Education ministers from South Africa and Cuba have signed an agreement boosting tertiary-level exchange between the countries. The agreement will establish new exchange programmes for academics and students, and mutual recognition of qualifications.

Nzimande said the agreement would build on longstanding collaboration over the training of South African medical professionals in Cuba: “We will now build on the work that is already underway, and actually take it to a higher level which will include lecturer and student exchanges, as well as research collaboration, amongst our higher education institutions.”

The Cuba-South Africa partnership also promises collaboration on models of university delivery, teacher training and specialist subjects such as agricultural studies. It will also promote multicultural curricula; Spanish language and Latin American history will be encouraged in South African institutions for example, while Cuban universities will strengthen their African studies departments.

Crack down on foreign white students

Sadly, all is not rosy; officials for the Congress of South African Trade Unions (COSATU) have urged that “more acceptable ratios” be established at university campuses, in order to “ensure that spaces for deserving African students are not filled by foreign white students.”

This announcement – interpreted by some as a push for race-based quota controls on international student intakes – has not unexpectedly received criticism from a number of sides.

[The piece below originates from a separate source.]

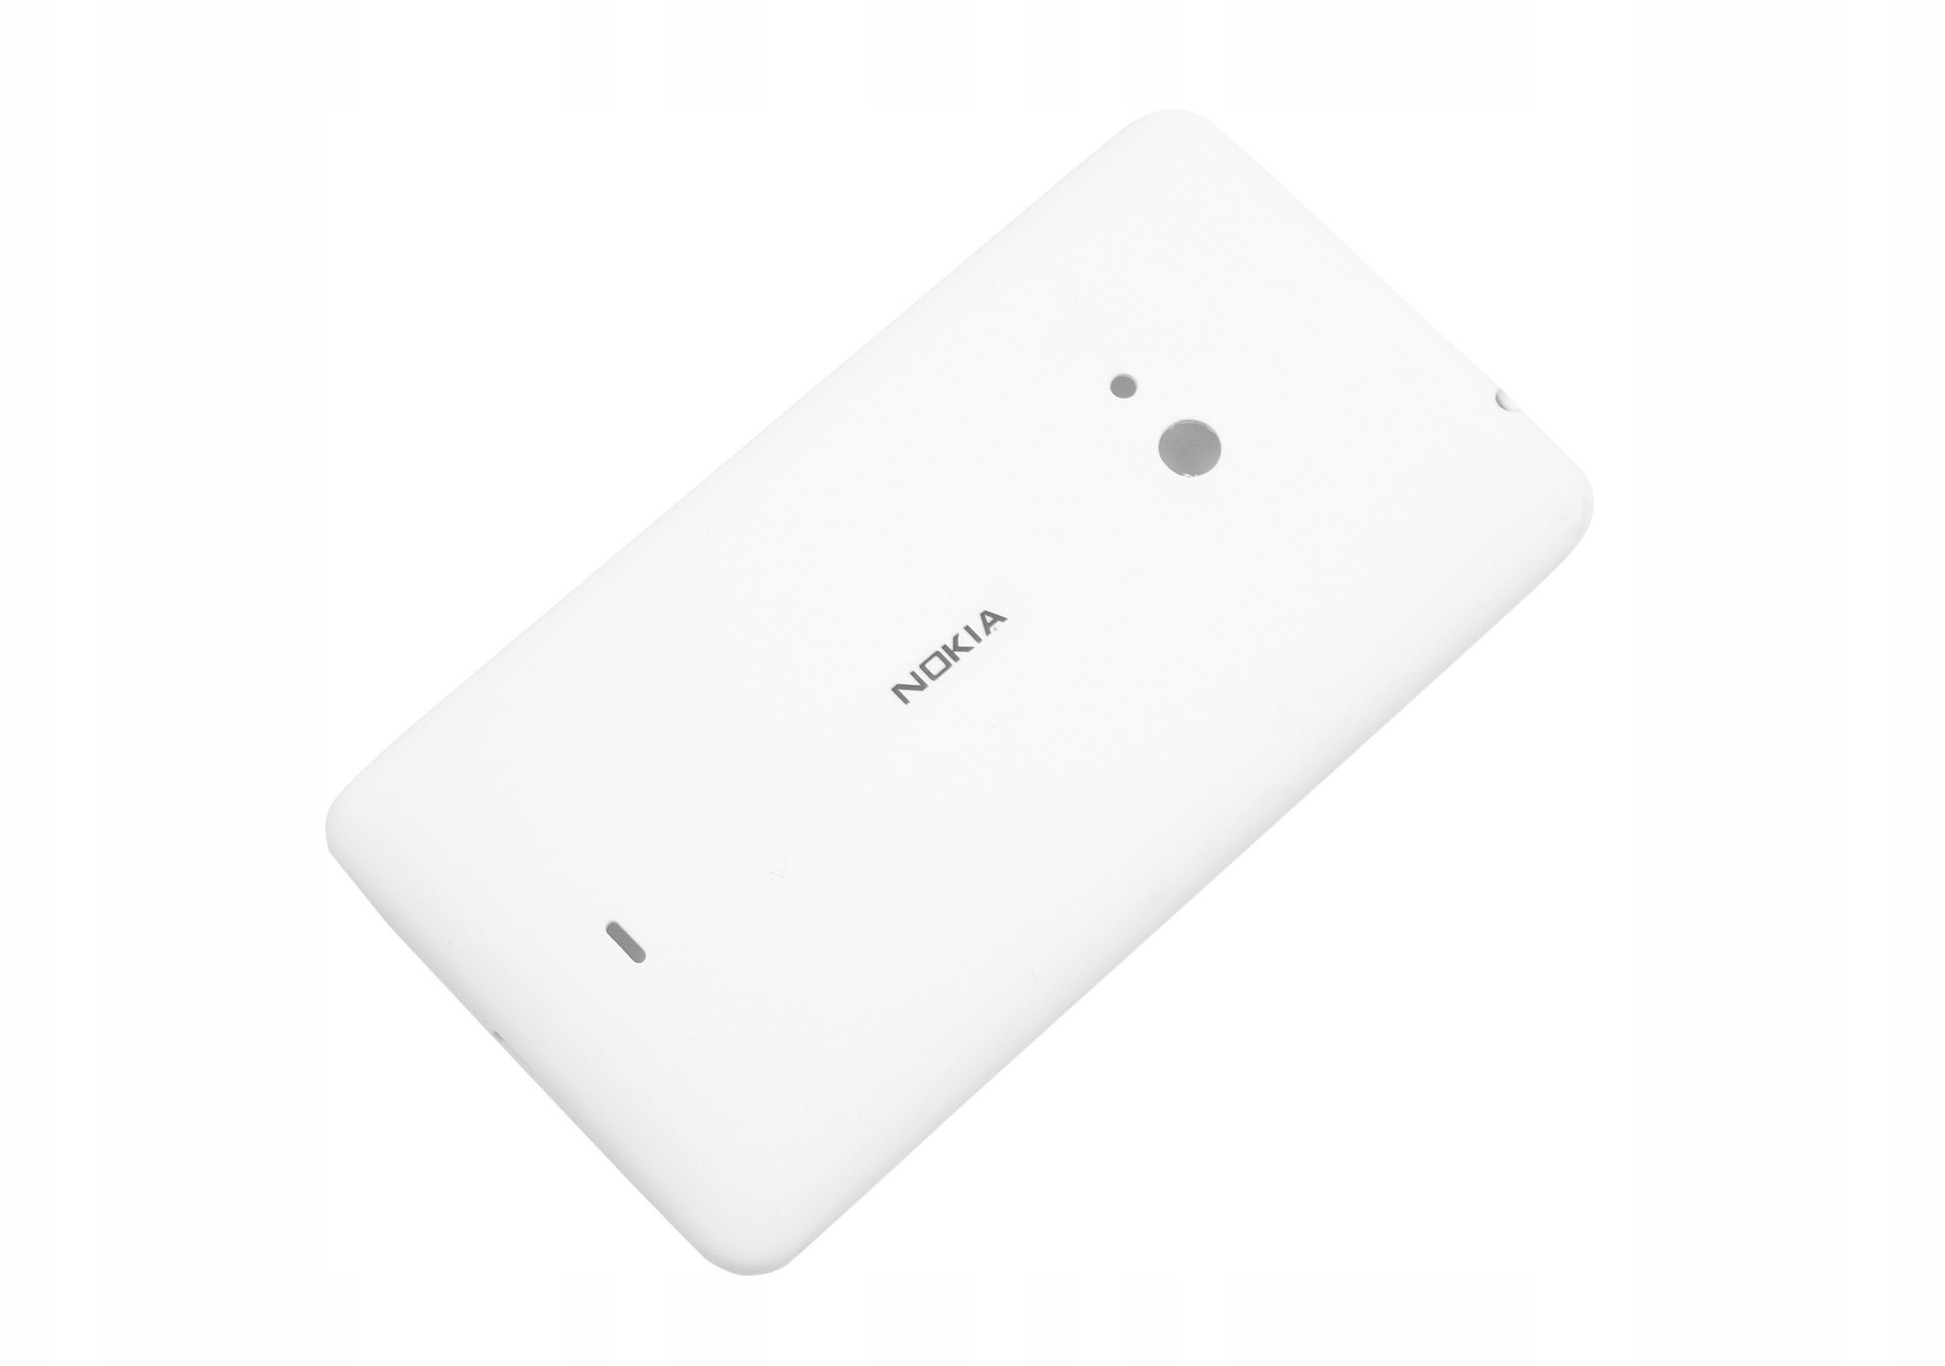 Nokia Klapka Baterii Lumia 625 Obudowa Tył Biała
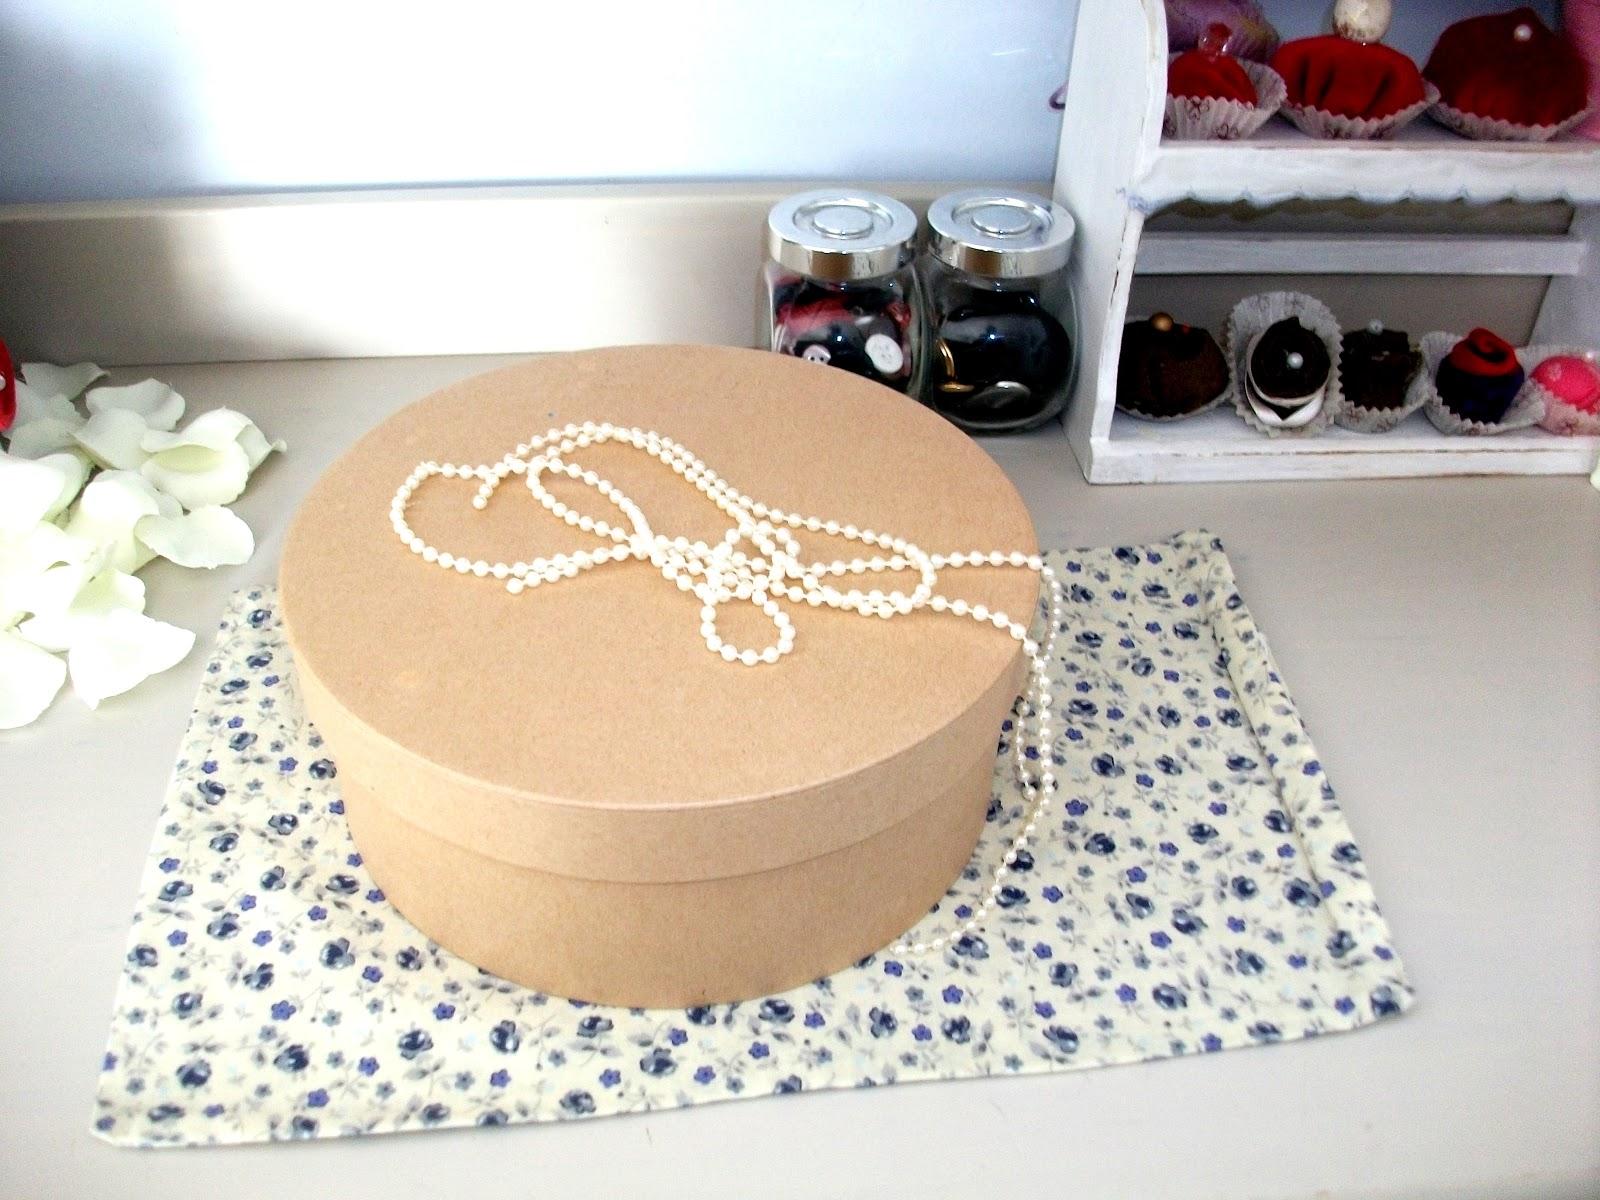 abbastanza La mia vita shabby chic: Torta di stoffa:tutorial. XD53

Meanwhile, other bodies are also describing the move as unnecessary, considering the amount of foreign students (of any race) actually attending the nation’s institutions. According to South Africa’s Higher Education Department spokeswoman, Vuyelwa Qinga, the number of foreign students currently studying at SA Universities at the undergraduate level is in fact very small.

“Under the SADC Protocol, the SA government has agreed that 5% of enrolments should be for SADC students,” she explains, referring to students from the community’s 15 member states across Southern Africa, “and [our] universities implement this.”

“Statistics show that 94% of undergraduate enrolments in our universities are South Africans, with 5% from SADC countries and 1% from other African countries. All students from overseas in SA universities are either enroled as occasional students… or are in post graduate programmes,” she added. And according to her department’s statistics for 2010, 38% of these international students were not even attending classes in person, but through Unisa.